Airing on Saturdays at 10:00 and 10:30 p.m., ET/PT, the show follows artist Stacy Poitras, his Deadwood Tree Sculptures business in Agoura Hills, California, his colleagues, his girlfriend, and the surprising artistic creations they bring to life with their chainsaws. During the recent holidays, CMT ran "Chainsaw Gang" episodes back-to-back in numerous marathon sessions, to include the season one finale starring former "Dukes of Hazzard" star John Schneider. While fans await further word season two, the shows continue to air on CMT, and all episodes are also available on the network's website.
"We have a great relationship with CMT executives David Bennett and Leslie Legare, and they know we bring our A game to every project," said NATL's creative director Brumby Boylston. "The stars of this series use chainsaws in a unique way: They're artists, not lumberjacks or tree surgeons. To package and promote the show we focused on them… intercutting shallow depth of field portraits with them at work, chainsaws hurling debris in slow-motion.
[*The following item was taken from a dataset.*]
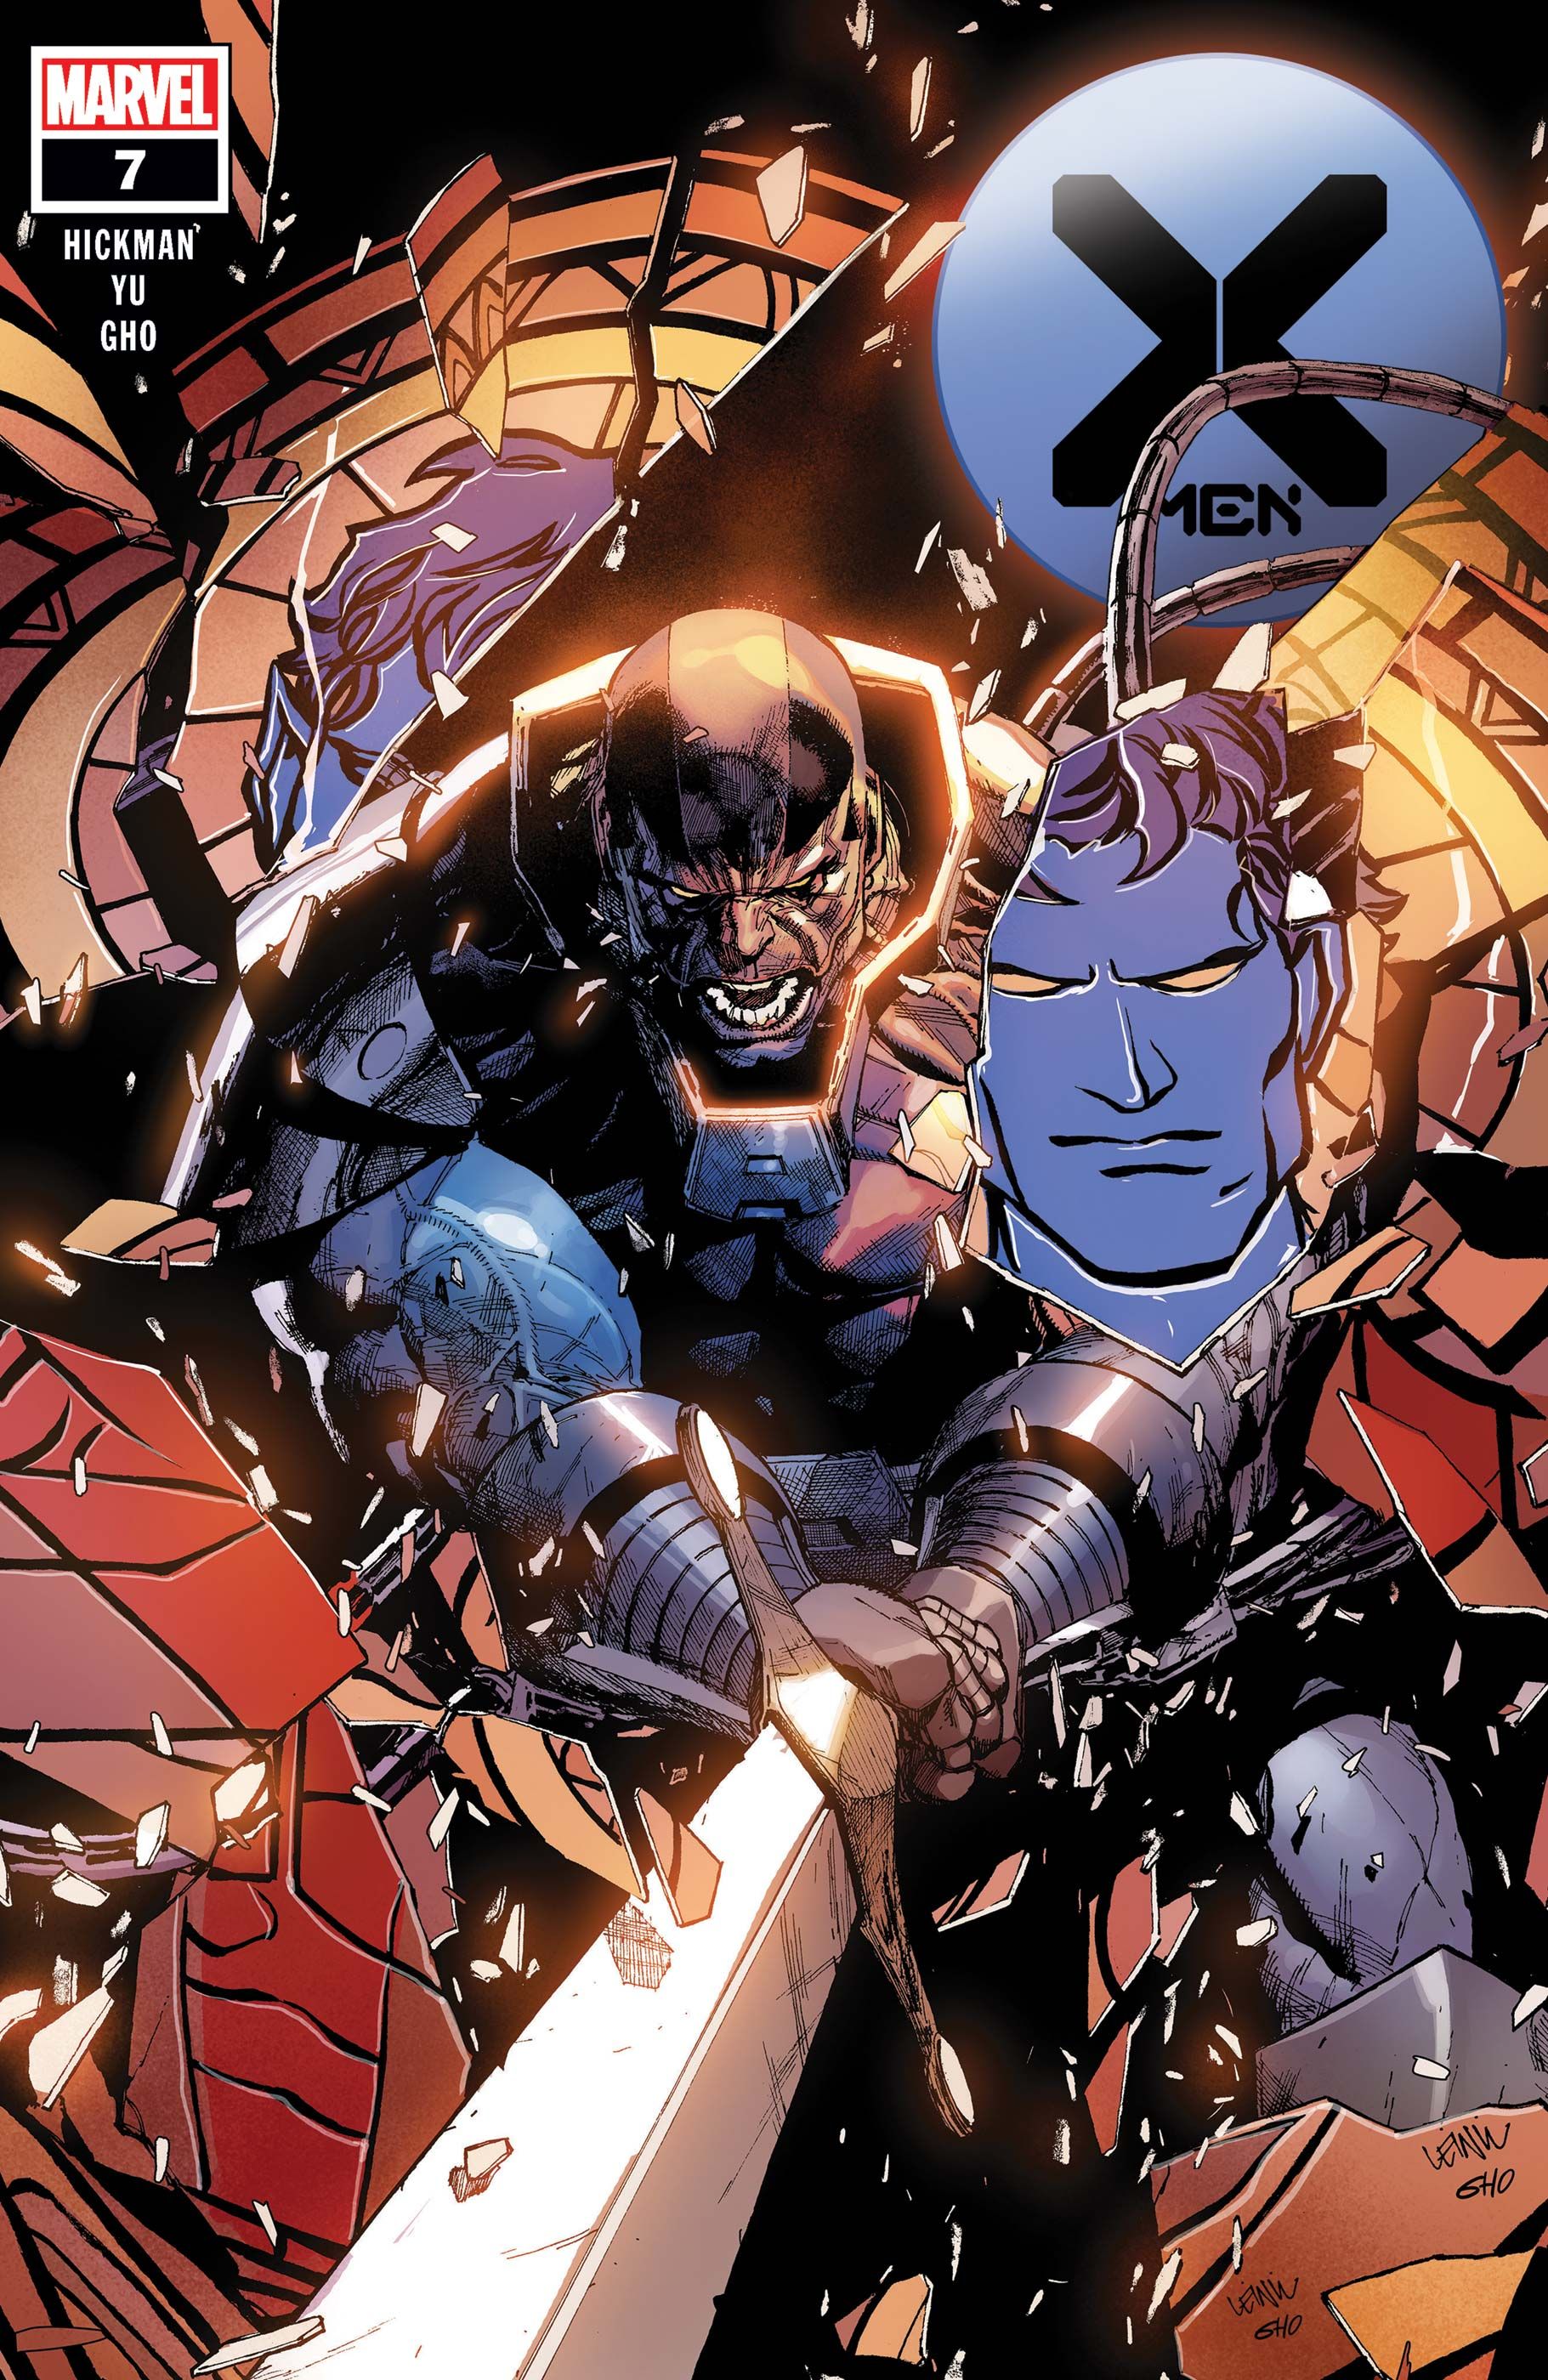 Leinil Francis Yu and Sunny Gho's cover to X-Men (2019) #7, featuring Apocalypse

While it's built around watching a blank tree trunk become a distinct sculpture, it really conveys the cast's personalities."
To create the show's main title sequence and other promotional spots and elements, Boylston and NATL's crew made the trip to the Deadwood Tree Sculptures compound for a full day of shooting. Along with NATL executive producer Jared Libitsky, director of photography Andrew Shulkind and producers Josh Libitsky and Zach Wakefield, the company deployed two camera units. For principal photography, they chose a high-speed Red Epic system with Arri macro lenses mounted to a mobile jib, while a Canon D5 was used to quickly capture details and inserts. According to the filmmakers, the D5 was later moved to shoot elements and effects against a green-screen, and several HD GoPro units were affixed to motion-control time-lapse devices and mounted onto saws and cranes to provide additional motion elements for the tactile show package.
"Mainly we were focused on capturing beautiful, expressive portraits of the cast and amazing, balletic slow-motion footage of the carving," Boylston explained. "We arranged for the cast to have a sculpture in three separate stages, and we filmed them working on each phase of a project."